YAZARLAR

Peri, Nefes, Miraç, Işık, Bulut ve anneleri Melisa

Bir canlıyı tehlikelere açık bir duruma düşürmek hukuken suç. Fakat kendisi ve ailesi hayatta kalabilsin diye riskleri göze almak zorunda olan Melisa gibi milyonlarca insan var Türkiye’de. Bunun yetersiz sosyal politikaların, yerel hizmetlerin sonucu ve bir düzen sorunu olduğunu gizlemek ve her kesimden insanın bakışının yönünü değiştirmek için Melisa’nın anneliğini, hatta üstü kapalı olarak ahlakını sorgulamak acımasızca.

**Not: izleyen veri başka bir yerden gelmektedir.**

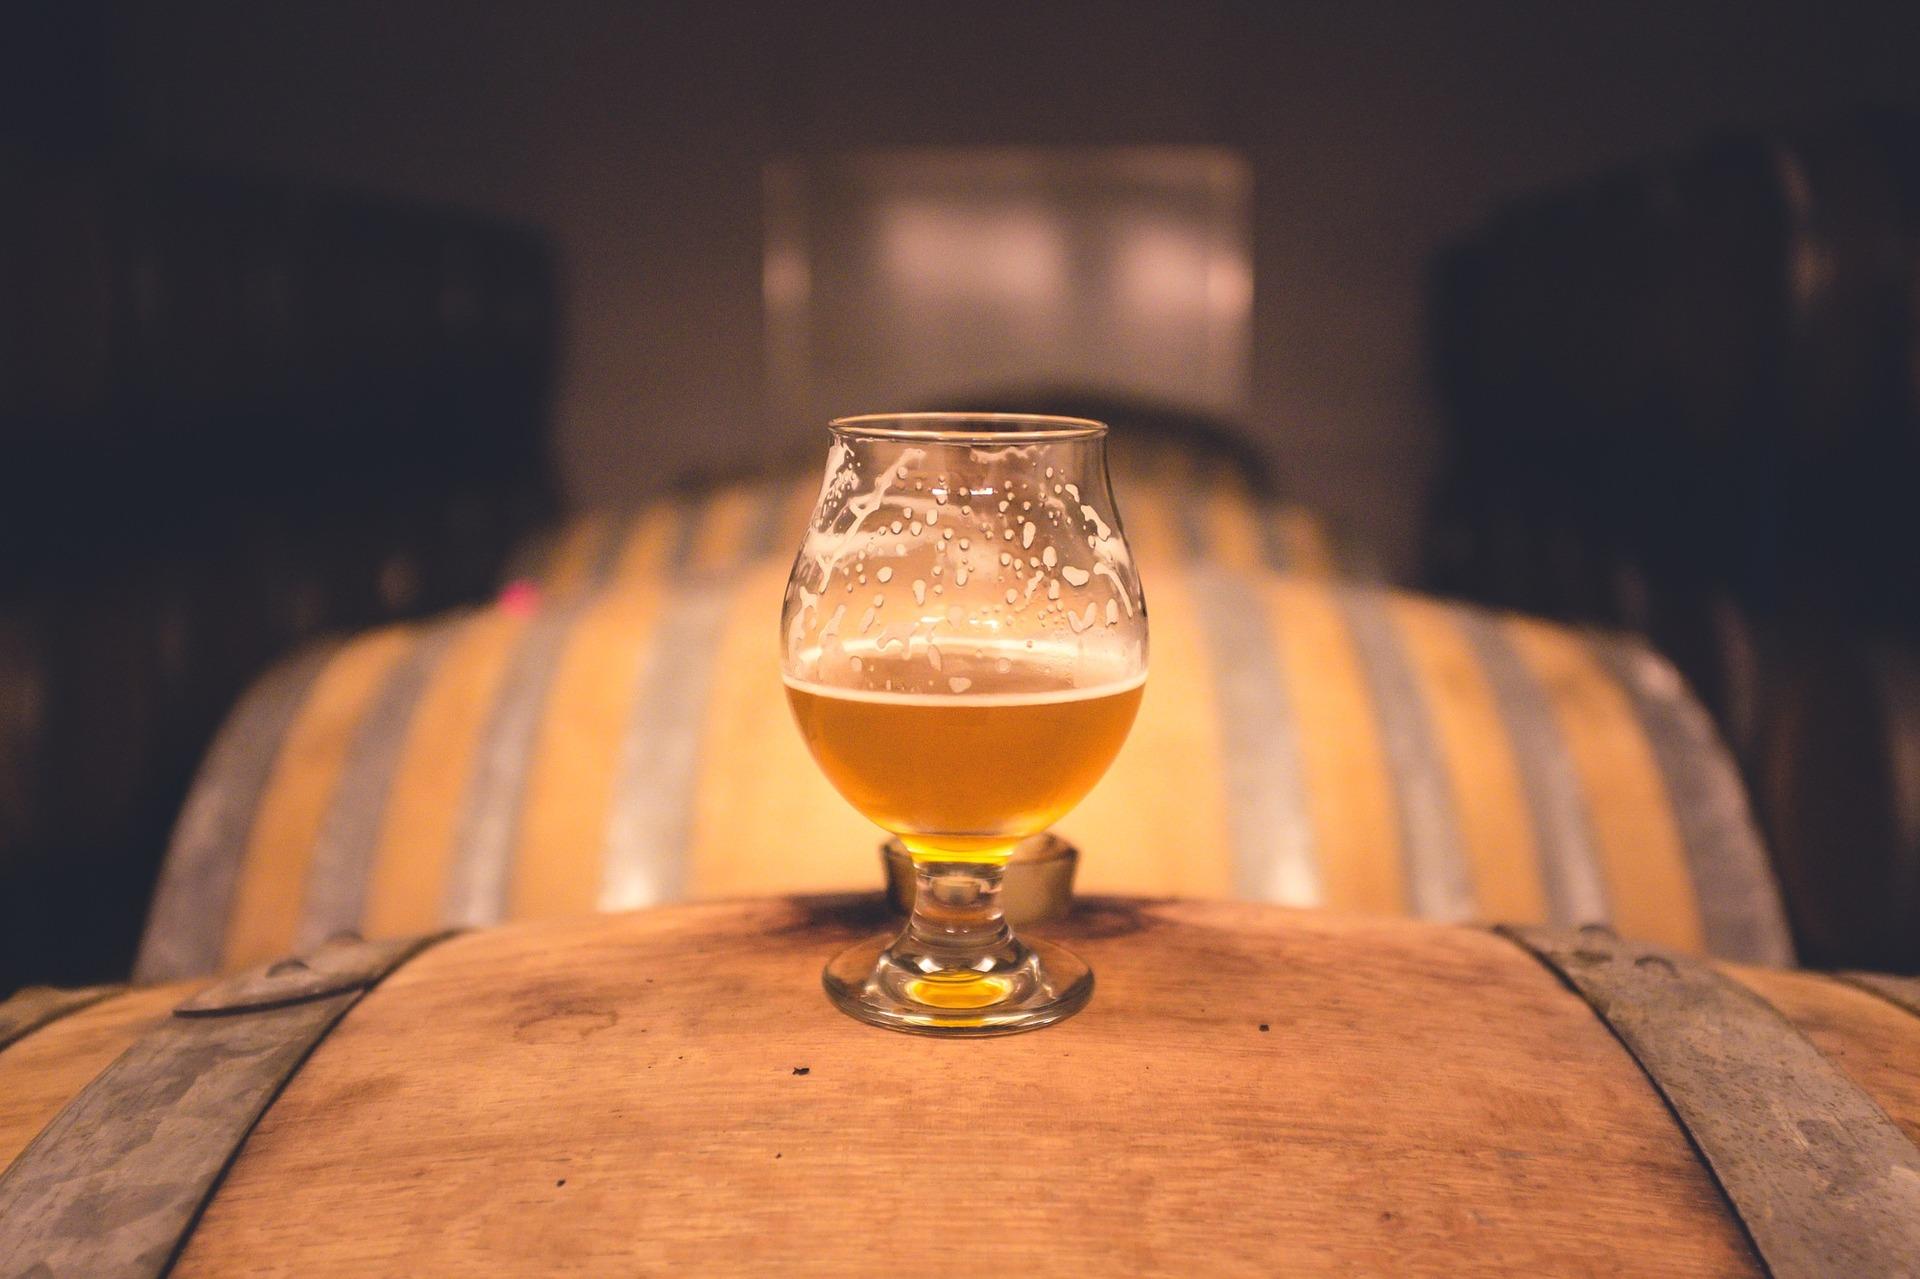 7eb4278e7 Guilherme De Rosso conta que existe uma infinidade de copos para cerveja,  cada um com a sua especificidade. O copo mais comum é o Pilsener, como o  próprio ...

Melisa 27 yaşında. 5 yılda 5 çocuk doğurmuş. Her yıla bir çocuk düşüyor yani. İnsanın bedenini olduğu kadar ruhunu da zorlayan bir tecrübe. Kocası hırsızlıktan hapiste. Kim bilir ne zamandan beri? İzmir’de gecekondu mahallesi bile denemeyecek bir bölgede, sanayi sitesine yakın ormanlık bir alanda, tek tük evlerin bulunduğu bir yerde yaşıyorlar. Bakımsızlıktan dökülen bir ev. Melisa hurda toplayıp satarak yalnız bir anne olarak hayatta kalmaya çalışıyor. Hani hepimizin çocukluğunda olduğu gibi, kardeşler birbirlerine baksın, oyalasın da anne biraz ferahlasın, diyecek olsak, o da mümkün değil. Çünkü en büyüğü 5 yaşında. Zaten hakkaniyetli de değil böylesi. Neden bir kardeşin sorumluluğu diğerinin üzerinde olsun? Yapılan birbiriyle tutarsız haberlerden anlaşılabildiği kadarıyla, ailesi hayatta ama onlarla çok seyrek görüşüyor. Böyle olması da kaçınılmaz. Bir büyük şehirde, şehrin epey dışındaki evinizden bazıları kucakta olan 5 çocukla, toplu taşım kullanarak nereye gideceksiniz? Melisa’nın evinin sanayi sitesine yakın bu metruk bölgede olması, muhtemelen onun hurda toplayıp satması sebebiyle taktiksel bir tercih. Ya da mecburiyet. Ne çok insanın, özellikle de bakım emeğinden sorumlu tutulan kadınların yaşam alanlarının koşulların, ailenin dayatmasıyla belirlendiğini, mekânsal hareketliliklerinin ne kadar kısıtlı olduğunu düşünsenize.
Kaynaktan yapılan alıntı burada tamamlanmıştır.